> _WHAT THE TASK ASKS_
Write the lines below out exactly, dropping each picture.

> _COLLECTED MATERIAL_
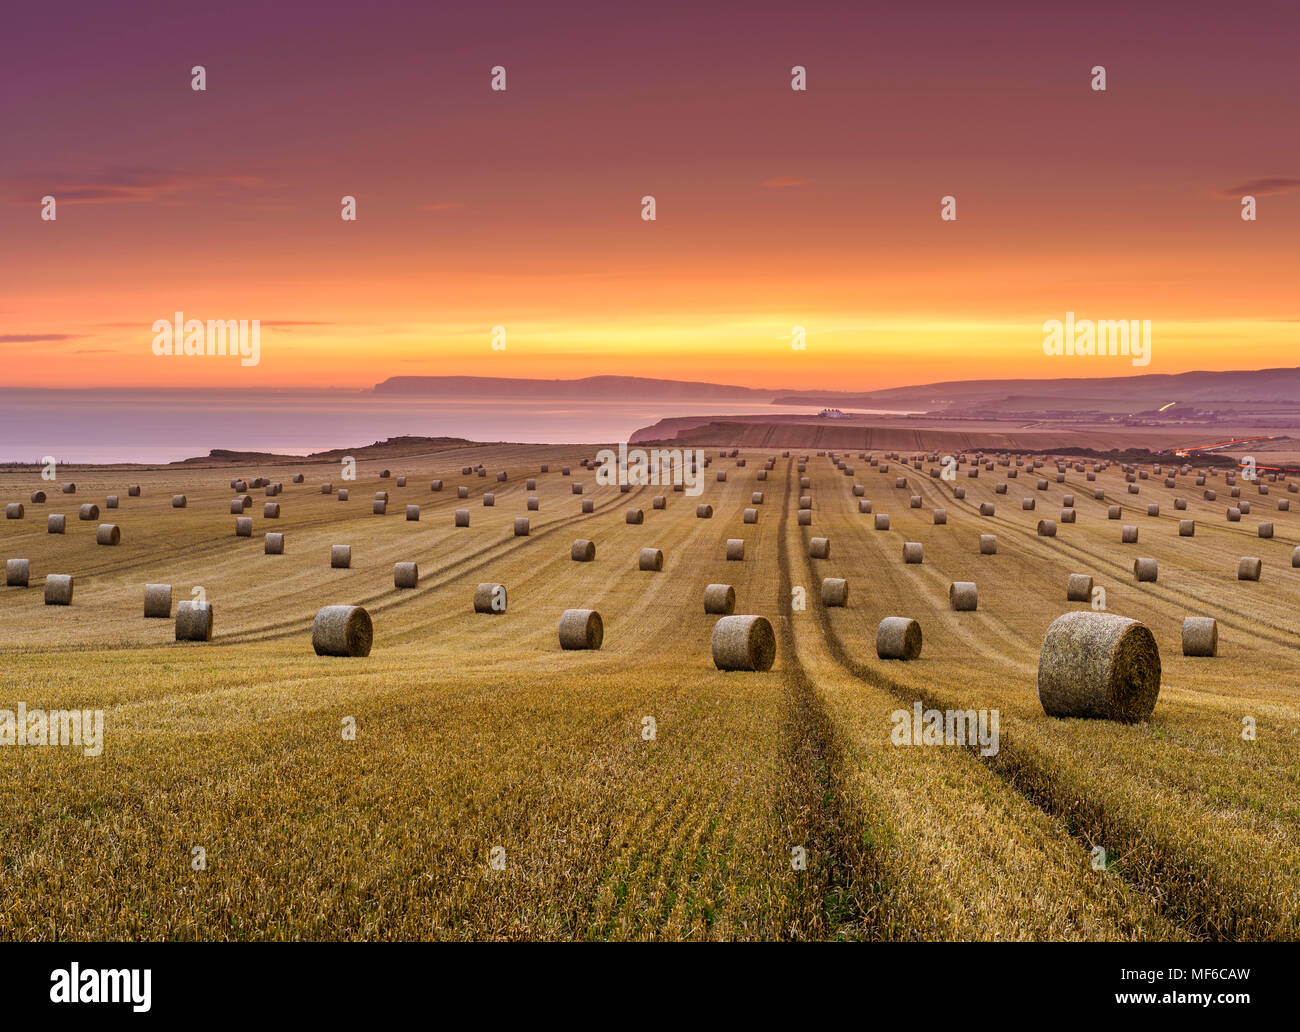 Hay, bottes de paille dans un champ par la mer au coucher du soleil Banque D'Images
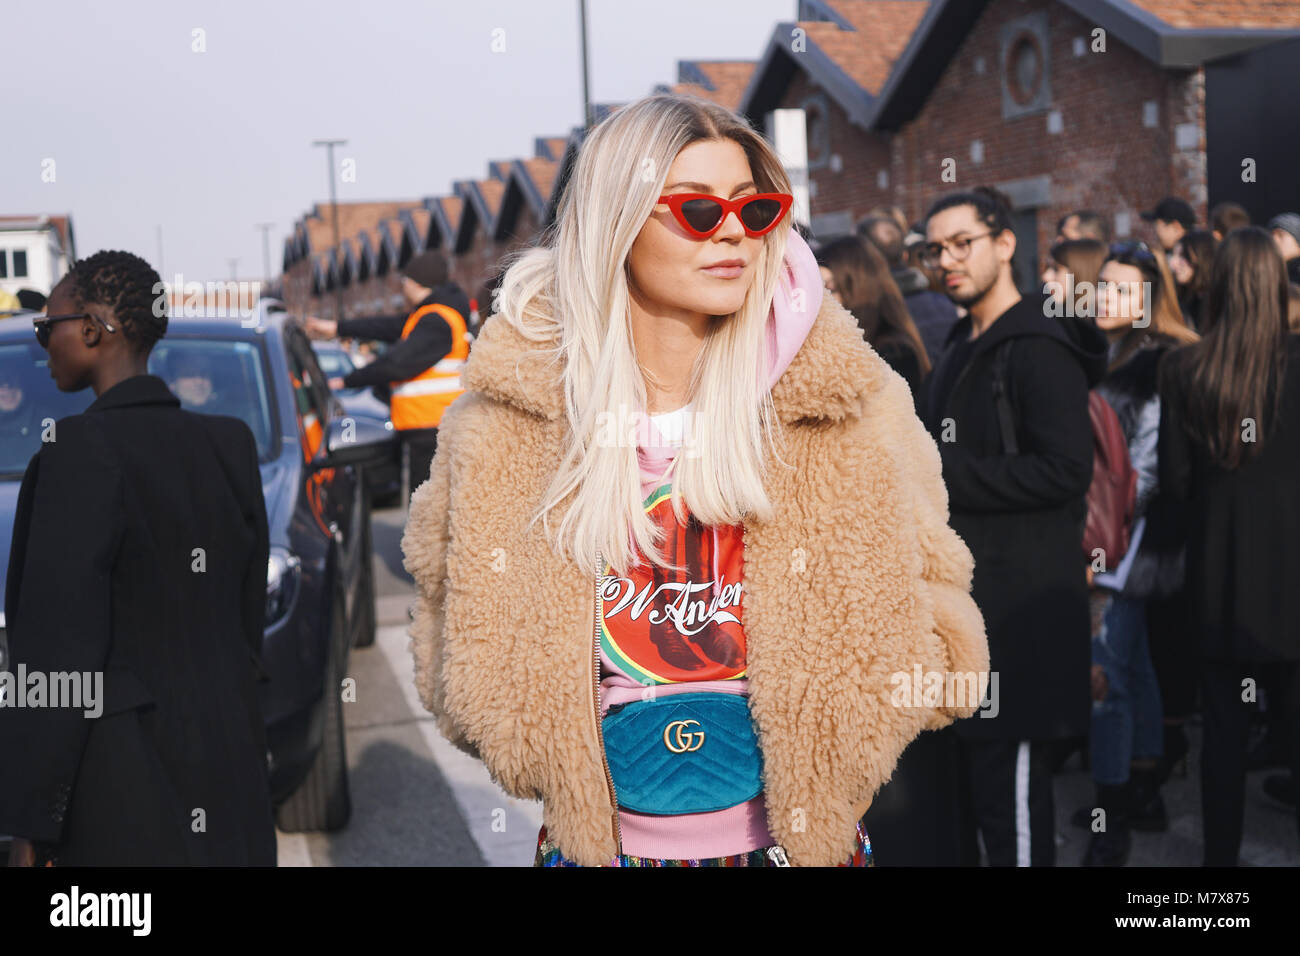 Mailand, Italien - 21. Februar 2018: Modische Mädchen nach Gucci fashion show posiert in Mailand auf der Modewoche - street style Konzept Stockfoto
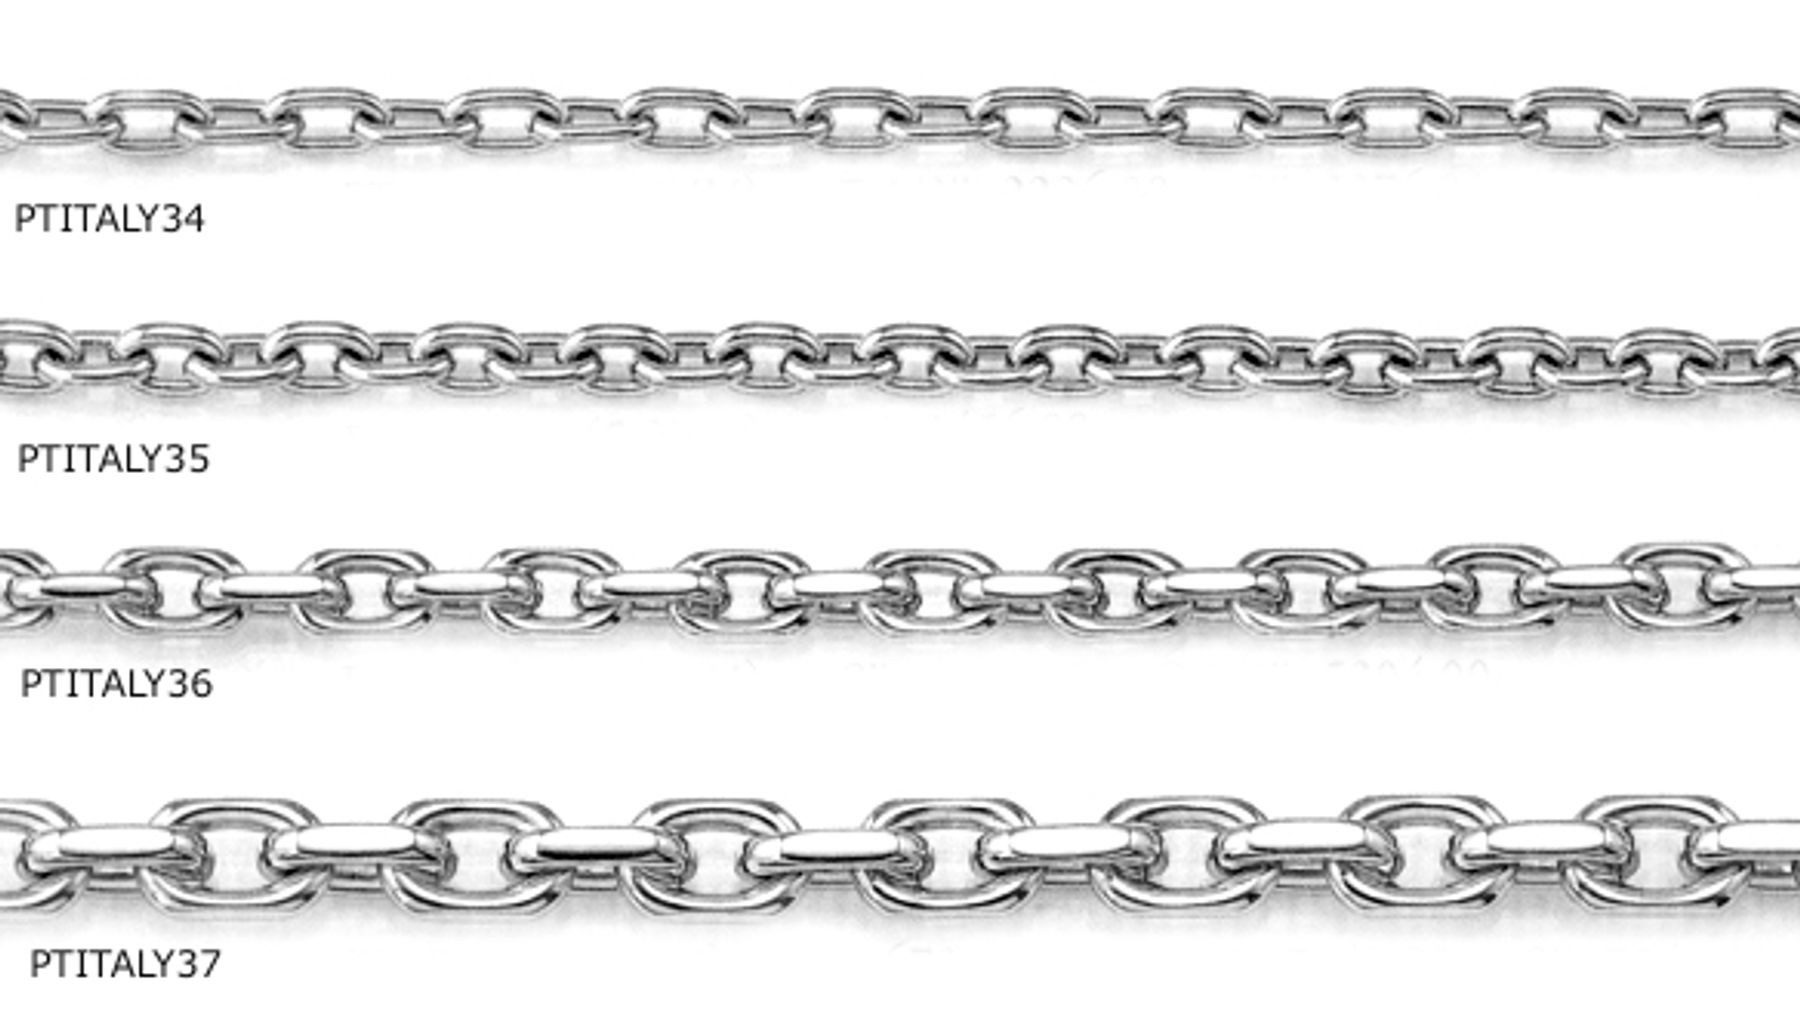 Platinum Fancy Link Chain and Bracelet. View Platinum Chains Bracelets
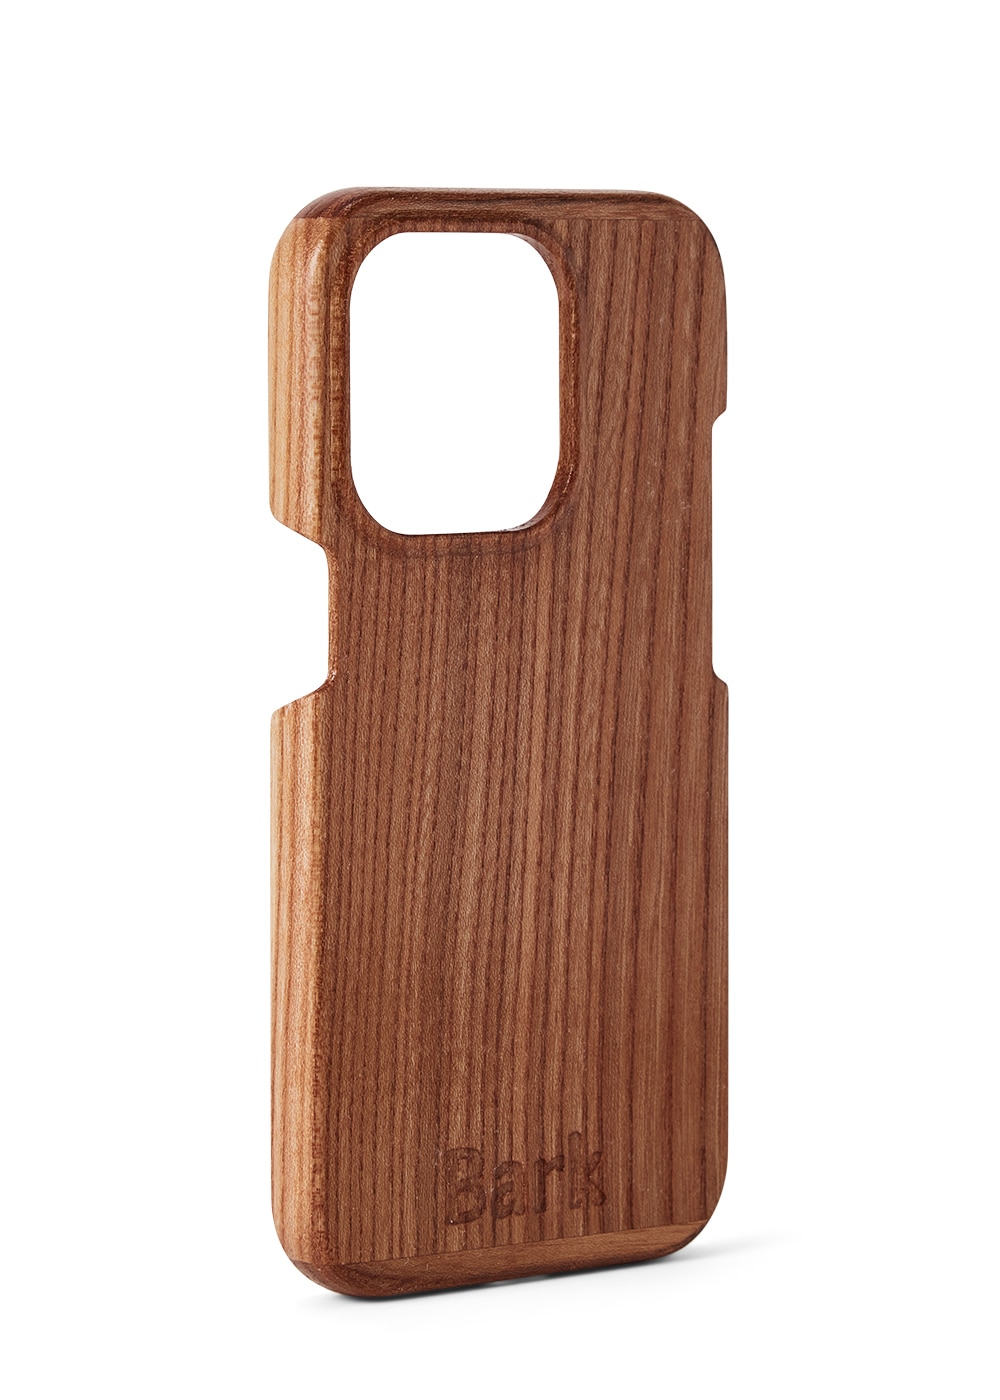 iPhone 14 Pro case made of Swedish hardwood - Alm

> _EXERCISE RESPONSE_
 Hay, bottes de paille dans un champ par la mer au coucher du soleil Banque D'Images
 Mailand, Italien - 21. Februar 2018: Modische Mädchen nach Gucci fashion show posiert in Mailand auf der Modewoche - street style Konzept Stockfoto
 Platinum Fancy Link Chain and Bracelet. View Platinum Chains Bracelets
 iPhone 14 Pro case made of Swedish hardwood - Alm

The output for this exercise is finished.